For much of the world’s population, the digital realm has become central to the human experience. Yet access to information and essential services is often mediated by digital platforms, with or without users’ knowledge. This means that the governments, businesses, or individuals who dominate the digital realm have the potential to gain control over the public sphere.
"Summary
- Governments across the world have powerful digital tools to control and repress their populations, ranging from spyware and social media manipulation to facial recognition technology and mass surveillance.
- Activists are working to protect themselves from such tools, but this is not a fair fight.
- Saudi Arabia and the UAE are the leading exponents of digital authoritarianism in the Middle East.
- The two states have intensified their collaboration with China and Israel to gain greater access to advanced technologies.

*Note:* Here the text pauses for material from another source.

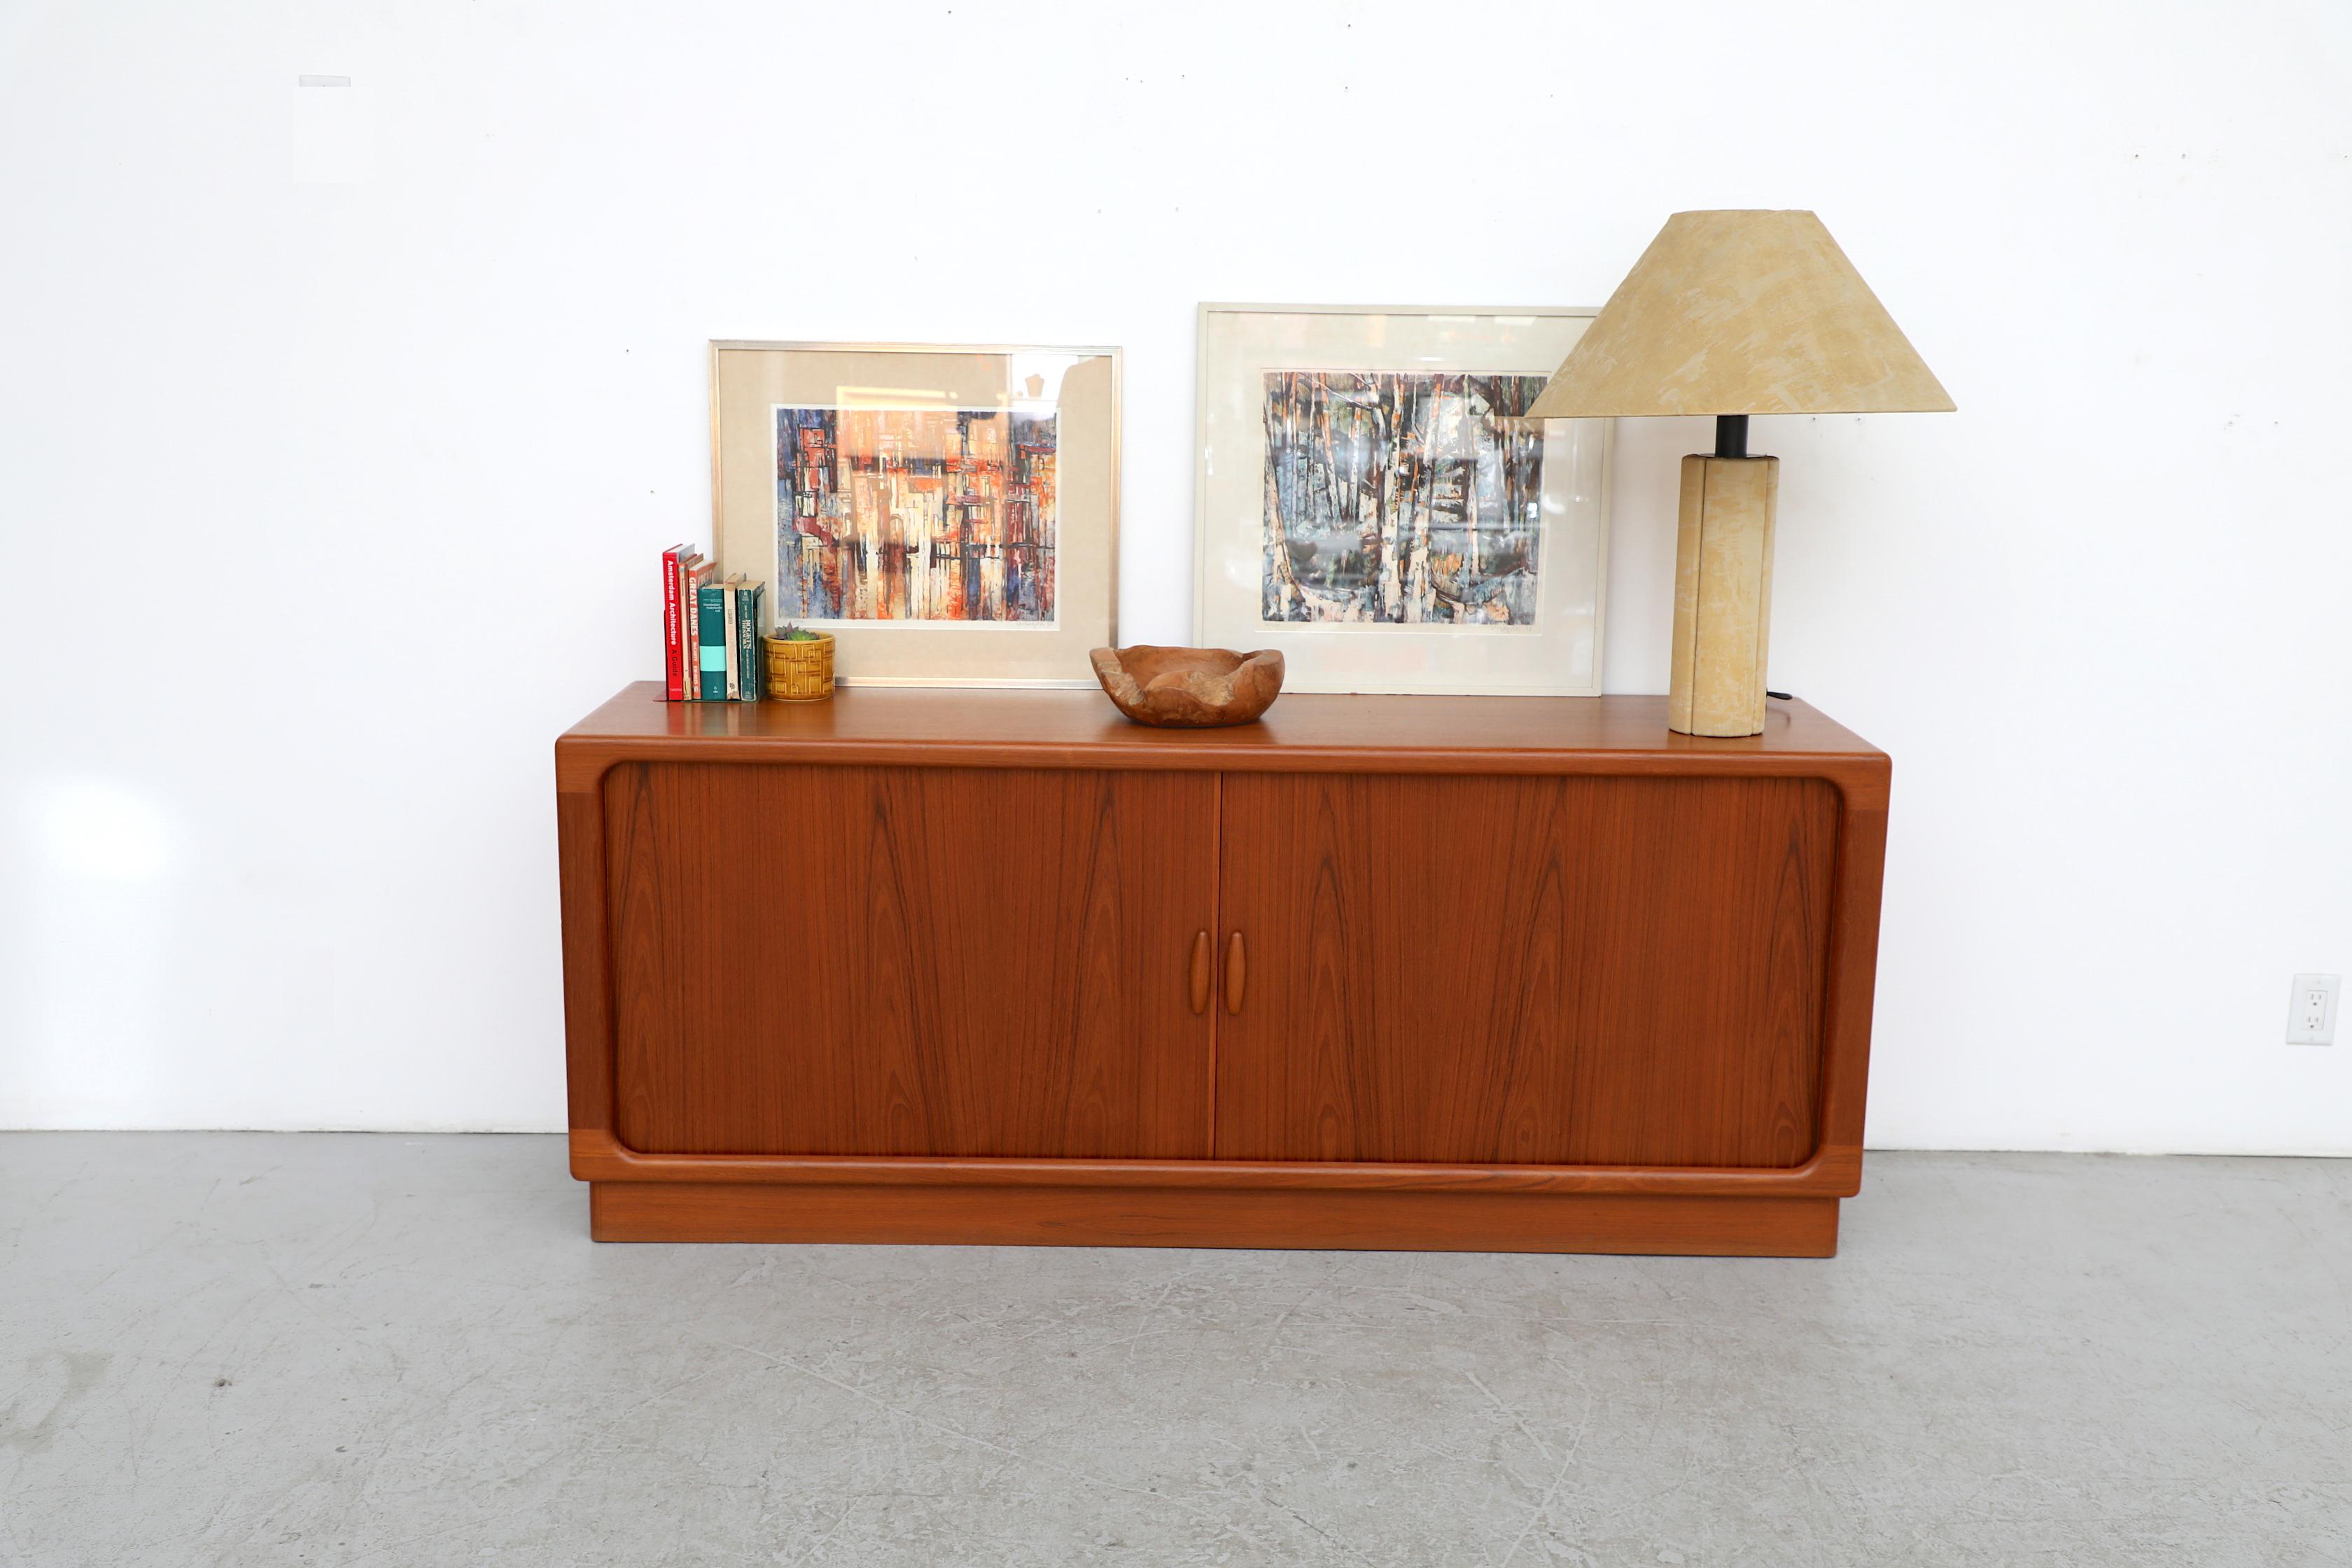 Beautiful 1960's Danish teak credenza with tambour doors manufactured by Dyrlund. The interior has 5 shelves and 5 felt lined pull out drawers with dovetail joints. In good original condition. Wear is consistent with its age and use.

- The EU has responded to concerns about the risks of new technologies with a raft of regulations on digital markets and services, artificial intelligence, and technology exports.
- The fact that European governments have been targeted, and implicated, in NSO Group’s Pegasus scandal should sound the alarm about the global threat of digital authoritarianism.
- The EU should treat the threat as an urgent security and political concern."
It is nothing new for governments to repress their populations or seek to control the flow of information – authoritarians have always wanted to stop the spread of dangerous ideas and replace them with official narratives. And they have always sought information about citizens by monitoring their activities. The difference now is that governments have an astonishing array of tools with which to achieve these goals – ranging from spyware to facial recognition technology and mass surveillance. And they can use these tools with little concern that they will be held accountable for doing so.